Secretary of Health and Human Services: Satan
I think by now we all know we are going to have to sell our soul to Satan to receive any kind of affordable health care. The Affordable Care Act isn’t going so well and Congress is holding up any kind of legislation that would relieve us of the burden of skyrocketing prices.
So why not quit while we’re ahead as far as legislation and collectively sell our souls to Satan for health care? I mean, how much is your everlasting soul really worth if you’re riddled with diabetes and can’t afford insulin?
Secretary of Transportation: Chris Christie
Bridgegate really showed Christie’s ability to shut down major roadways for no apparent reason other than revenge. Now a lot of people are saying Christie should be the next president, but I say hell no. He should be in charge of the roadways of the nation.
As a plus, his ability to deny any responsibility in the scandal is proof of character. Christie is just the kind of guy we need to shuck responsibility for our dilapidating infrastructure onto another office (probably those lazy workers over at the Secretary of Education’s office for some reason).
We need a man with Christie’s fortitude to not fix anything while blaming someone else. How else will anything get done in America?

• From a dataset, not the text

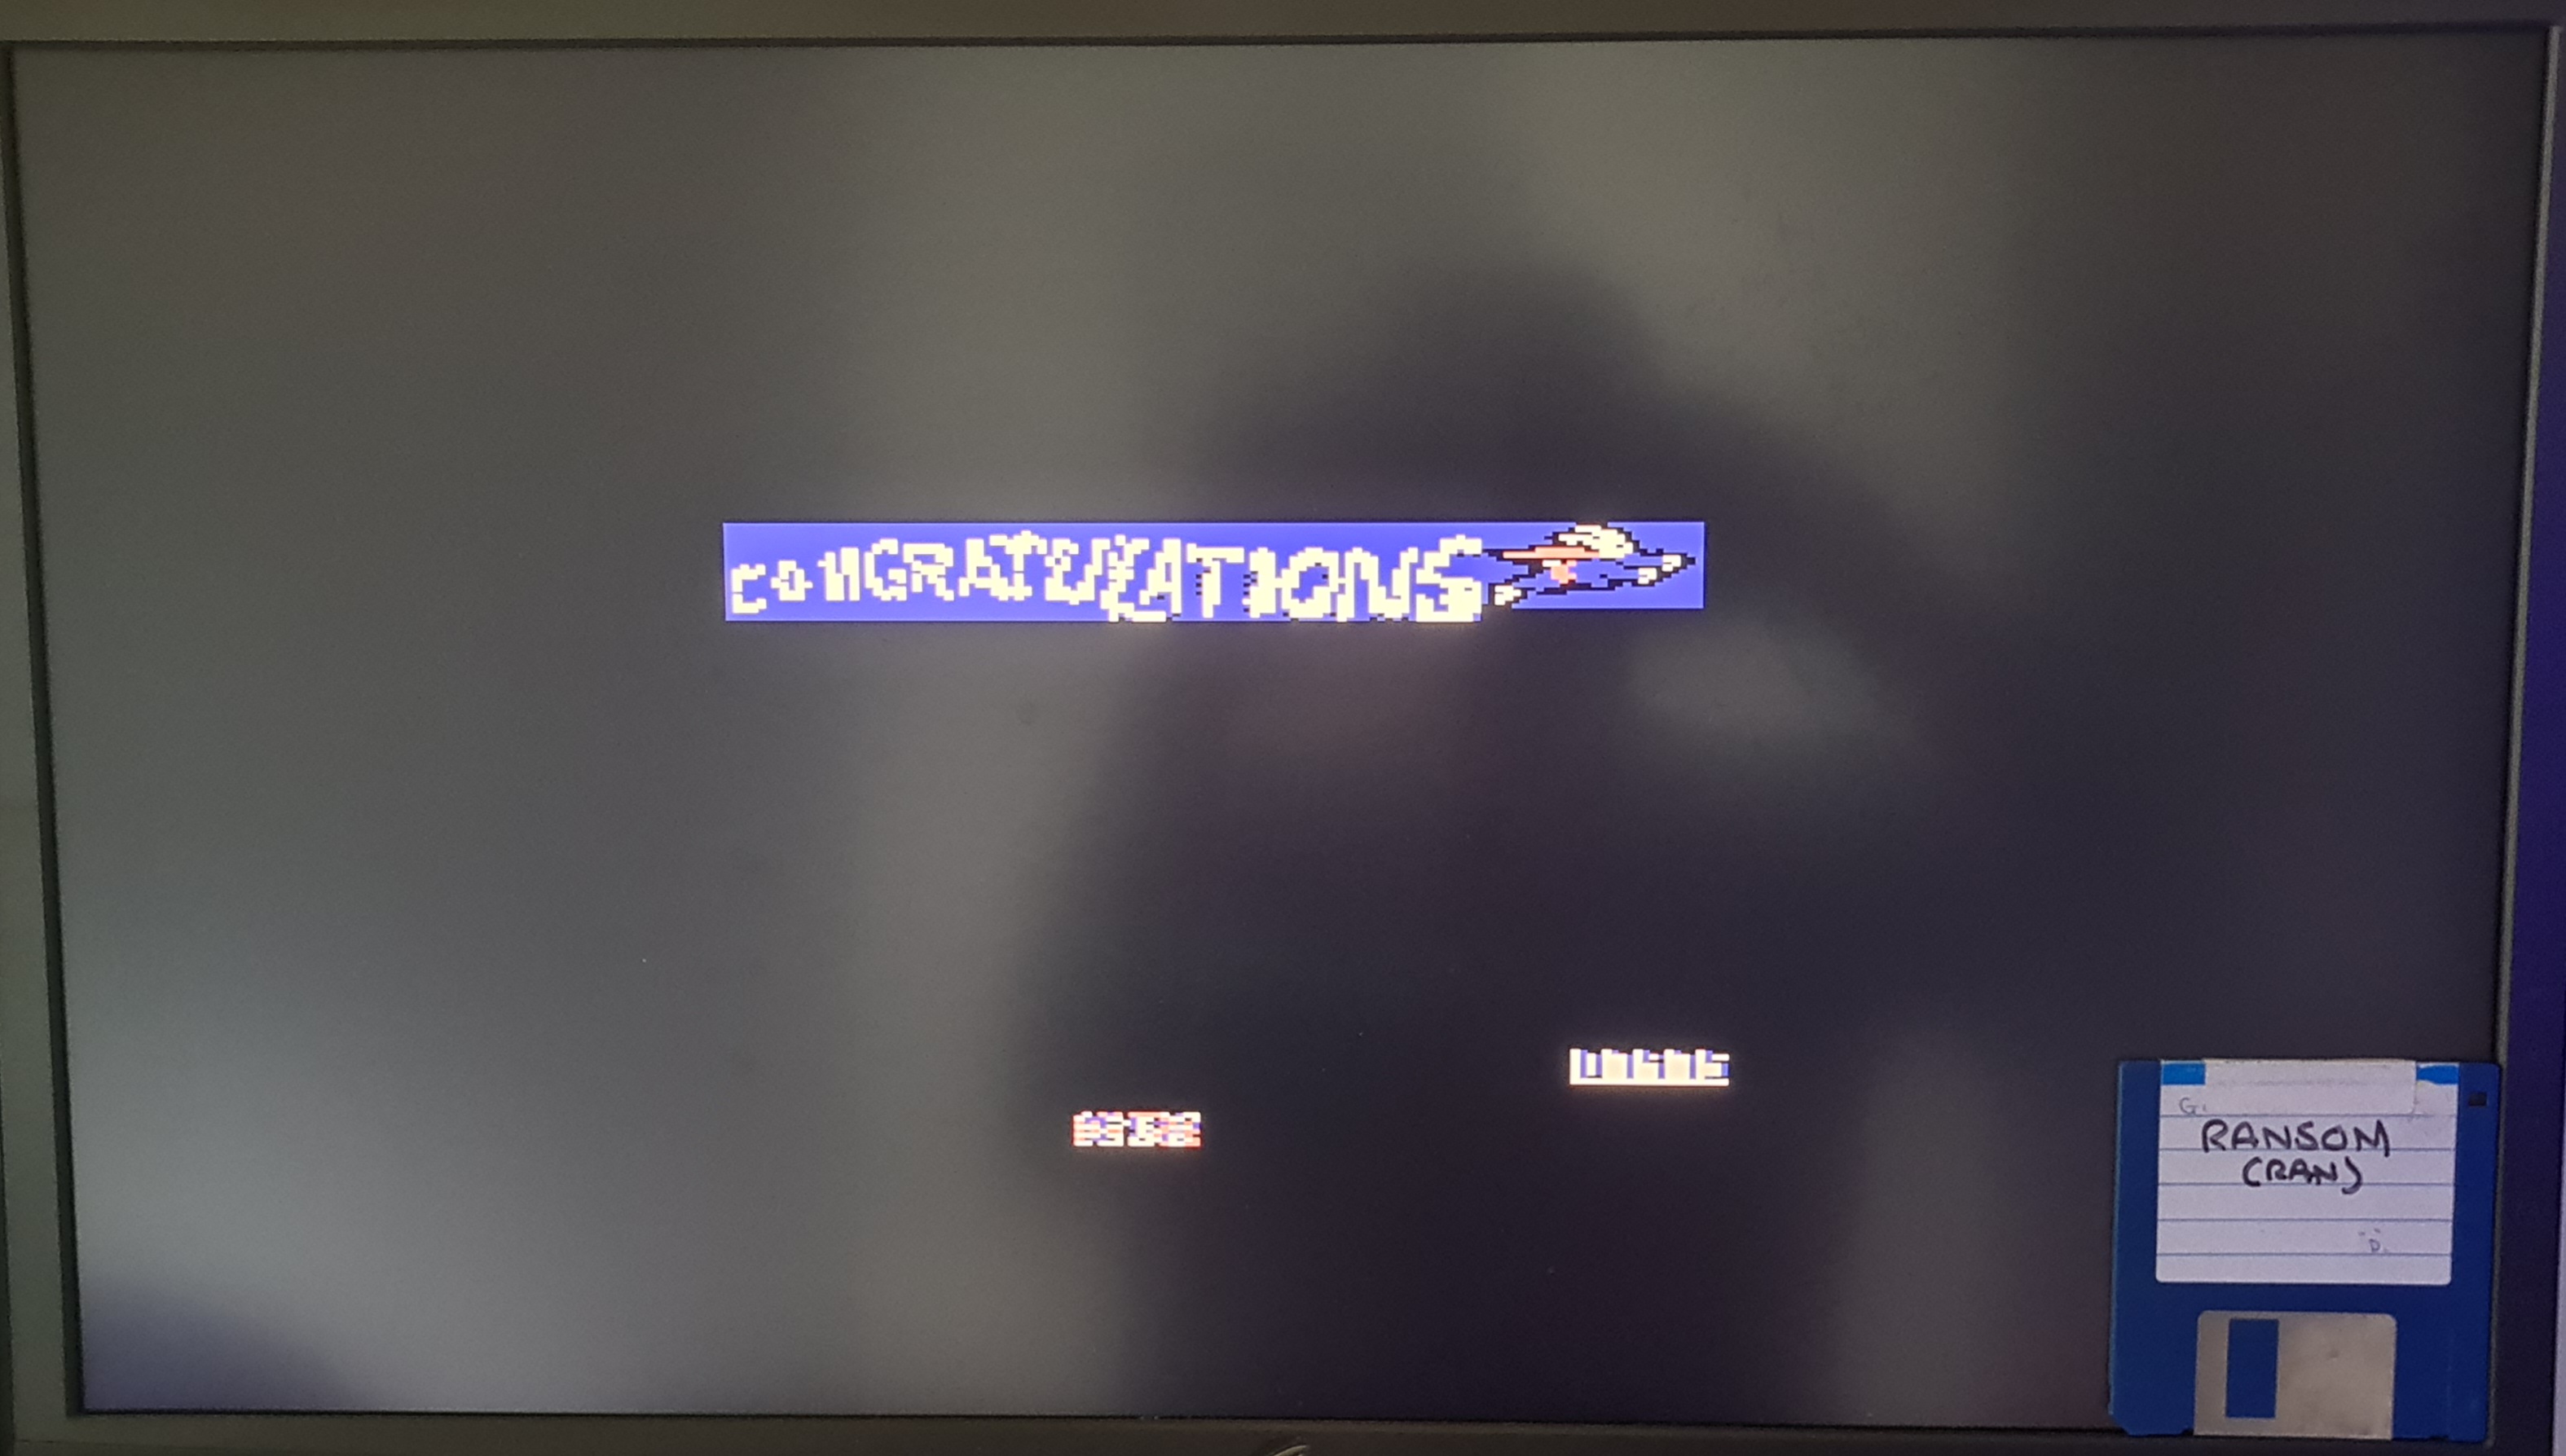 ransom: Super Bunny (Commodore 64 Emulated) 7,975 points on 2022-11-19 23:09:18

Secretary of Education: Arne Duncan
Are you kidding me? Have you seen this guy ball at the NBA Celebrity All-Star game? I’ll include the highlight reel for you so you can see Arne “Literally Michael Jordan” Duncan so you can see why we need this man.
Department of Veteran Affairs: Chuck Schumer
Chuck Schumer has some cojones. In December, he said veterans needed to take a pay cut while he raked in about $117,000 a year.
That’s the kind of audacity we need to really stiff those veterans who went and fought two wars he voted for. I can’t think of a better way to repay those servicemen we tricked into fighting a fake war in Iraq than to have them come home and not give them health or educational benefits. It’s that kind of leadership we need in the Cabinet to stick it to those leeches on society known as the people fighting for our freedom.
As a bonus, Schumer never served in the military, which makes him the perfect candidate to handle all veteran’s affairs since he has literally no idea about what being a veteran is like.
The rest of the Cabinet positions: My mom’s dog, Obi
Let’s just say my mom’s dog could do every other job since I don’t have a picture of him in here yet and I know that’s all you came for.
So there you have it folks. If we fight fire with fire, we surely will be as effective as anti-child porn crusader and child porn enthusiast Patrick Rock. We can do this America, it just takes the right people in the right place at the right time.